Endpoints can move in a L2VPN environment. While moving endpoints tend to be uncommon across WAN, they do move a lot in enterprise data centers - vMotion in all its variants (including the bizarre ones) is the most popular virtualization thingy out there. Even worse, when using technologies like VMware HA or DRS, the endpoints move without the involvement of the orchestration system. EVPN would be a perfect fit for such an environment.
In most large-scale public clouds the endpoints don’t move, the only way to get a VM off a server is to restart it, and if a server crashes, the VMs running on it have to be restarted through the orchestration system. There’s absolutely no need for an autonomous endpoint propagation protocol.
EVPN is trying to deal with all sorts of crazy scenarios like emulating MLAG or having multiple connections into a bridged network. No such monstrosities have ever been observed in large-scale public clouds… maybe because the people running them have too much useful work to do to stretch VLANs all over the place. It also helps if you’re big enough not to care about redundant server connections because you can afford to lose all 40+ servers connected to a ToR switch without batting an eyelid.
To make matters more interesting: virtual networking in infrastructure clouds needs more than just endpoint reachability. At the very minimum you have to implement packet filters (security groups) and while a True BGP Believer might want to use FlowSpec to get that done, most sane people would give up way before that.
Considering all of the above, what could be a useful control plane between a cloud orchestration system and hypervisor endpoints? Two mechanisms immediately come to mind:
- An API on the hypervisor that is called by the orchestration system whenever it needs to configure the hypervisor parameters (start a VM, create a network/subnet/security group, establish MAC-to-VTEP mapping…)
- A message bus between the orchestration system and the hypervisors. Whoever has some new bit of information drops it on the message bus, and it gets magically propagated to all the recipients interested in that information in due time.
Based on my experience with the speed of AWS and Azure orchestration systems I would suspect that AWS uses the former approach while Azure uses the latter.
EVPN is neither of those. Without information filtering in place, BGP is an eventually-consistent database that pushes the same information to all endpoints. Not exactly what we might need in this particular scenario.
Long story short: EVPN is an interesting bit of technology, but probably the wrong tool to implement control plane of an infrastructure cloud that has to provide tenant virtual networks. It does get used as the gateway technology between such a cloud and physical devices though. Juniper Contrail was the first one (I’m aware of) that used it that way, and even VMware gave up their attempts to push everyone else to adopt the odd baby they got with the Nicira acquisition (OVSDB) and switched to EVPN in NSX-T 3.0.
More information
Want to know how networking in public clouds works?

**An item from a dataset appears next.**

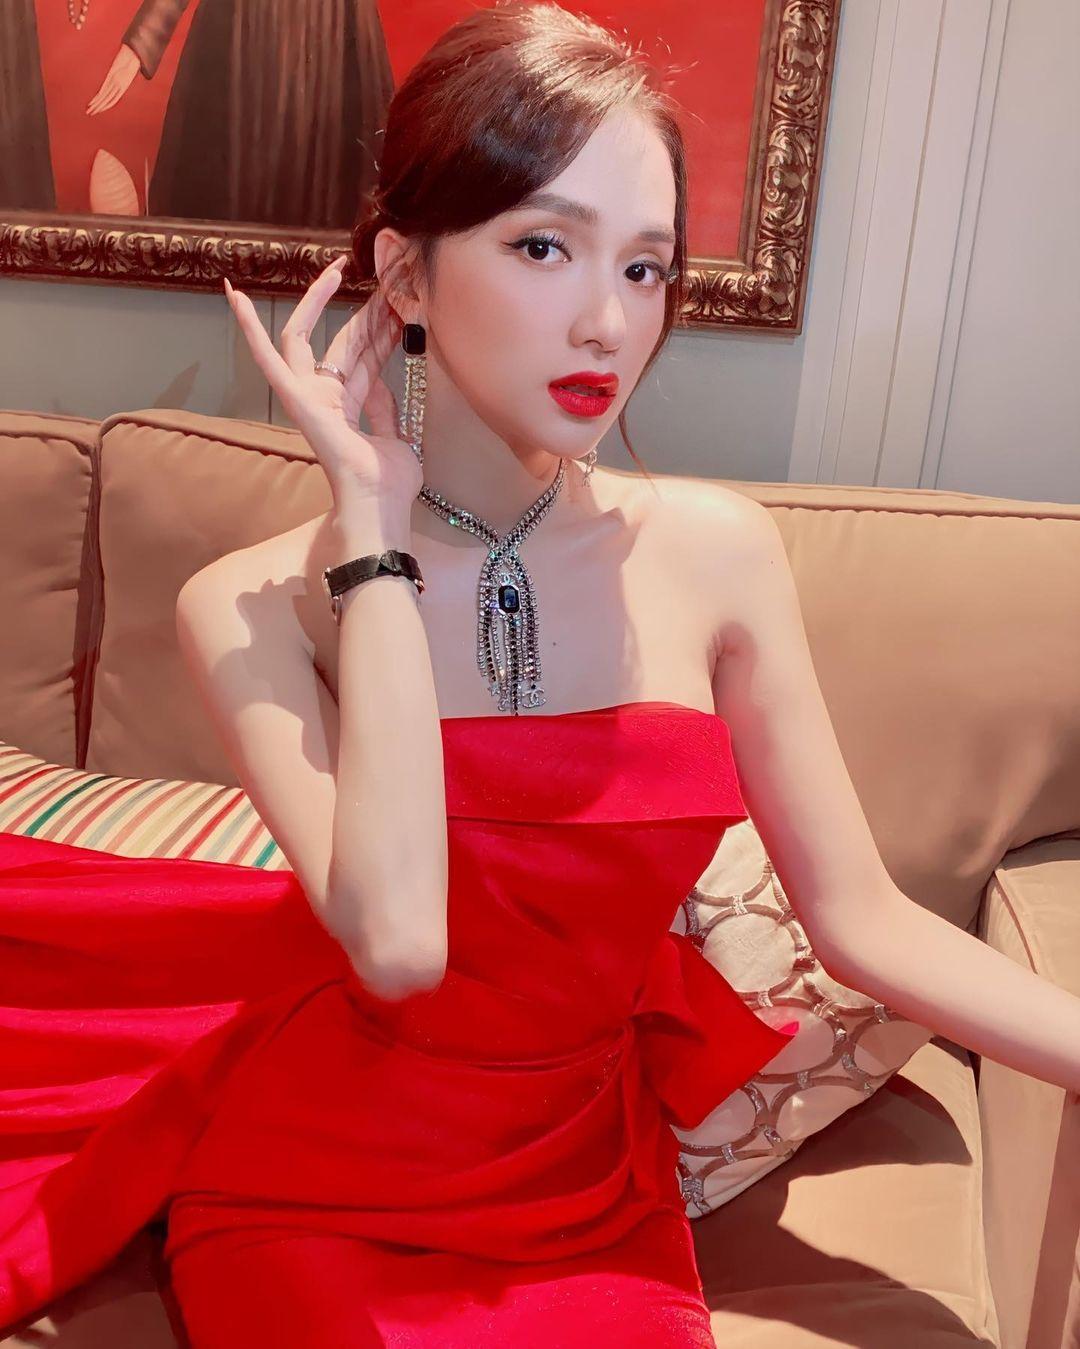 Hương Giang cho rằng màu đỏ giúp cuộc sống của cô rực rỡ nên người đẹp rất chăm diện trang phục có sắc màu này.

- Start with AWS Networking 101 and Azure Networking 101.
- When you’re ready for more dive into AWS Networking and Microsoft Azure Networking webinars.
- When you feel it’s time to truly master cloud networking, go for the Networking in Public Cloud Deployments online course.
Interested in EVPN? We have you covered - there are tons of EVPN-related blog posts, and we explored EVPN from data center and service provider perspective in the EVPN Technical Deep Dive webinar.
Finally, I described both NSX-V and NSX-T in VMware NSX Technical Deep Dive webinar and compared it with Cisco ACI in VMware NSX, Cisco ACI or Standard-Based EVPN webinar.
While I agree on your explanation of how webscale / megascale environments are using an overlay between their hypervisors, I think that EVPN could have been used as a solution in their environments as well. The main reason is that their infrastructures don't use it is that EVPN didn't exist at that time or wasn't mature enough when they needed a solution.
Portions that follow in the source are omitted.